=== The task ===
Using the data beneath this instruction, retype only the lines from the one that contains "Sony DPP--SV77 Photo Printer User Manual" down to the one that contains "29 Mar 2014", both included, exactly as they appear.
═══ Entries provided ═══
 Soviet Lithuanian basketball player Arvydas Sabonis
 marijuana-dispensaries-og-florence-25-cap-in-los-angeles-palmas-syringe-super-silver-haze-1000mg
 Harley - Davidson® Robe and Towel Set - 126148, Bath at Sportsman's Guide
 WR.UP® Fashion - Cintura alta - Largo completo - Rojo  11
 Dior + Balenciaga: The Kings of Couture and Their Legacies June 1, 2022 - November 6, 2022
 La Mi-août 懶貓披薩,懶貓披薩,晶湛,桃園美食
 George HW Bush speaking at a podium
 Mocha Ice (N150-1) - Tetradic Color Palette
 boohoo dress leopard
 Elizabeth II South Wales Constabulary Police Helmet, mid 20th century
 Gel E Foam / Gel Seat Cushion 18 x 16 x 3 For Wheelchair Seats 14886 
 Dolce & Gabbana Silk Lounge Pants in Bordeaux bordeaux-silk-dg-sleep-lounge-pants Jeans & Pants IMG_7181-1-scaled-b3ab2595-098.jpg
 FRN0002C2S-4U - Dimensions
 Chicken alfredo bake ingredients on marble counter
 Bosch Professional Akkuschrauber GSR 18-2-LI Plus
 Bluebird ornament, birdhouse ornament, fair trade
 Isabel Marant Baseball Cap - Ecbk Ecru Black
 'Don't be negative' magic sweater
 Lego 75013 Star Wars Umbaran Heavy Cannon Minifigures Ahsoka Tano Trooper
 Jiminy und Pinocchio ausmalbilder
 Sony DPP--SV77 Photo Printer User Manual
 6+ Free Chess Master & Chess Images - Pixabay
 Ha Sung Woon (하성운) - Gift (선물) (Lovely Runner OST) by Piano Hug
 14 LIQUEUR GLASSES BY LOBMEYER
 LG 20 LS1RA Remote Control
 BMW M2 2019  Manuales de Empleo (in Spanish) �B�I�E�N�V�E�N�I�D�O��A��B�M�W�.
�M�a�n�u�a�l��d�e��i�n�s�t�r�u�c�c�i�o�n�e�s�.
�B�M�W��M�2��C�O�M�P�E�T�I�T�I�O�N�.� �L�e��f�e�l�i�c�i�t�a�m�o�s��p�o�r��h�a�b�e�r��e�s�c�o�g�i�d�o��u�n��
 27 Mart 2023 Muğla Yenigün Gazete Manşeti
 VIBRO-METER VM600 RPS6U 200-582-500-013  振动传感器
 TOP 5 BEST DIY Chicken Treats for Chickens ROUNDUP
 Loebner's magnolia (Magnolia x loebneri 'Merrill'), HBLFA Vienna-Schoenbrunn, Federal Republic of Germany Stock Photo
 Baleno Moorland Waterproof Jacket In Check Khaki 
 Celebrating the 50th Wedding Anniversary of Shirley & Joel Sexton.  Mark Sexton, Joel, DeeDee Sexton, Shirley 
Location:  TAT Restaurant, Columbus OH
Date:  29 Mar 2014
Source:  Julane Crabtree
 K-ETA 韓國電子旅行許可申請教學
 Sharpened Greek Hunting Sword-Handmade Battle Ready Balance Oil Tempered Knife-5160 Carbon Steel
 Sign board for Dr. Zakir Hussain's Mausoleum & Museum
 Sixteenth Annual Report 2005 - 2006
═══
=== Response box ===
 Sony DPP--SV77 Photo Printer User Manual
 6+ Free Chess Master & Chess Images - Pixabay
 Ha Sung Woon (하성운) - Gift (선물) (Lovely Runner OST) by Piano Hug
 14 LIQUEUR GLASSES BY LOBMEYER
 LG 20 LS1RA Remote Control
 BMW M2 2019  Manuales de Empleo (in Spanish) �B�I�E�N�V�E�N�I�D�O��A��B�M�W�.
�M�a�n�u�a�l��d�e��i�n�s�t�r�u�c�c�i�o�n�e�s�.
�B�M�W��M�2��C�O�M�P�E�T�I�T�I�O�N�.� �L�e��f�e�l�i�c�i�t�a�m�o�s��p�o�r��h�a�b�e�r��e�s�c�o�g�i�d�o��u�n��
 27 Mart 2023 Muğla Yenigün Gazete Manşeti
 VIBRO-METER VM600 RPS6U 200-582-500-013  振动传感器
 TOP 5 BEST DIY Chicken Treats for Chickens ROUNDUP
 Loebner's magnolia (Magnolia x loebneri 'Merrill'), HBLFA Vienna-Schoenbrunn, Federal Republic of Germany Stock Photo
 Baleno Moorland Waterproof Jacket In Check Khaki 
 Celebrating the 50th Wedding Anniversary of Shirley & Joel Sexton.  Mark Sexton, Joel, DeeDee Sexton, Shirley 
Location:  TAT Restaurant, Columbus OH
Date:  29 Mar 2014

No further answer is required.